D’avance Dieu avait destiné Jean Baptiste à venir proclamer la joie des hommes et l’allégresse des cieux. De sa bouche, le monde a entendu tomber les paroles admirables qui annonçaient la présence de notre Rédempteur, l’Agneau de Dieu (Jn 1, 29). Alors que ses parents avaient perdu tout espoir d’obtenir une descendance, l’ange, messager d’un si grand mystère, l’a envoyé pour servir de témoin au Seigneur avant même de naître (Lc 1, 41)…
Il a rempli d’une joie éternelle le sein de sa mère, quand elle le portait en elle… En effet, dans l’Évangile, on lit ces paroles qu’Élisabeth dit à Marie : « Lorsque j’ai entendu tes paroles de salutation, l’enfant a tressailli d’allégresse au-dedans de moi. Comment ai-je ce bonheur que la mère de mon Seigneur vienne jusqu’à moi ? » (Lc 1, 43-44)… Tandis que, dans sa vieillesse, elle s’affligeait de ne pas avoir donné d’enfant à son mari, soudain elle a mis au monde un fils qui était aussi le messager du salut éternel pour le monde entier. Et un messager tel que, dès avant sa naissance, il a exercé le privilège de son ministère futur quand il a répandu son esprit prophétique par les paroles de sa mère.
Puis, par la puissance du nom que l’ange lui avait donné d’avance, il a ouvert la bouche de son père fermée par l’incrédulité (Lc 1, 13.20). Lorsqu’en effet Zacharie était devenu muet, ce n’était pas pour le rester mais pour recouvrer divinement l’usage de la parole et confirmer par un signe venu du ciel que son fils était un prophète. Or, l’Évangile dit de Jean : « Cet homme n’était pas la Lumière, mais il était là pour lui rendre témoignage pour que tous croient par lui » (Jn 1, 7-8).

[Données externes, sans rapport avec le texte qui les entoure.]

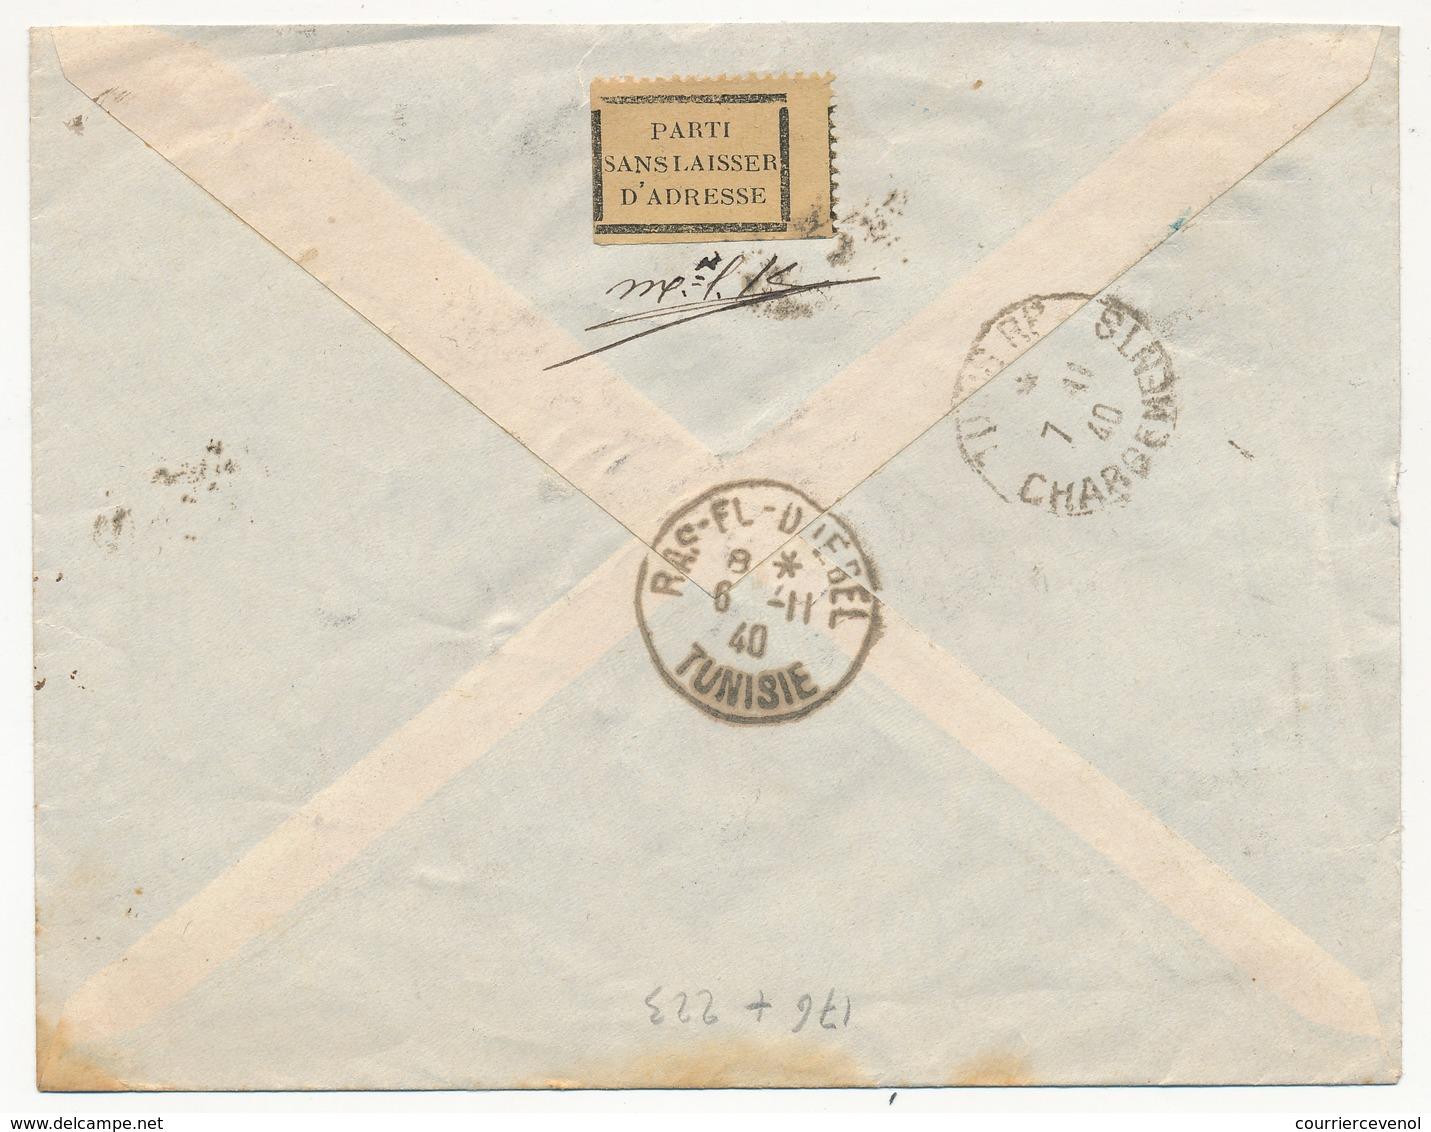 TUNISIE - Env. Recommandée De TUNIS-ROUSTAN Pour RAS-DJEBEL - Retour à L'envoyeur 38 - 1940 - Lettres & Documents

Il n’était certes pas la Lumière, mais il était tout entier dans la lumière, celui qui a mérité de rendre témoignage à la Lumière véritable.
C’est la prière et non le désir sexuel qui a fait concevoir Jean Baptiste. Le sein d’Élisabeth avait passé l’âge de donner la vie, son corps avait perdu l’espoir de concevoir ; malgré ces conditions de désespérance, la prière de Zacharie a permis à ce corps vieilli de germer encore : la grâce et non la nature a conçu Jean. Il ne pouvait être que saint, ce fils dont la naissance provient moins de l’étreinte que de la prière.
Cependant nous ne devons pas nous étonner que Jean ait mérité une naissance si glorieuse. La naissance du précurseur du Christ, de celui qui lui ouvre la voie, devait présenter une ressemblance avec celle du Seigneur notre Sauveur. Si donc le Seigneur est né d’une vierge, Jean a été conçu par une femme âgée et stérile… Nous n’en admirons pas moins Élisabeth qui a conçu dans sa vieillesse, tout comme Marie a enfanté dans la virginité.
Il y a là, je pense, un symbole : Jean représentait l’Ancien Testament, il est né du sang déjà refroidi d’une vieille femme, tandis que le Seigneur, qui annonce la Bonne Nouvelle du Royaume des cieux, est le fruit d’une jeunesse pleine de sève. Marie, consciente de sa virginité, admire l’enfant lové dans ses entrailles. Élisabeth, consciente de sa vieillesse, rougit de son ventre alourdi par sa grossesse ; l’évangéliste dit, en effet : « Elle se tenait cachée cinq mois durant ». Il nous faut admirer aussi que le même archange Gabriel annonce les deux naissances : il apporte une consolation à Zacharie, qui reste incrédule ; il vient encourager Marie, qu’il trouve confiante (Lc 1,26s). Le premier, pour avoir douté, a perdu sa voix ; la deuxième, pour avoir cru aussitôt, a conçu le Verbe Sauveur.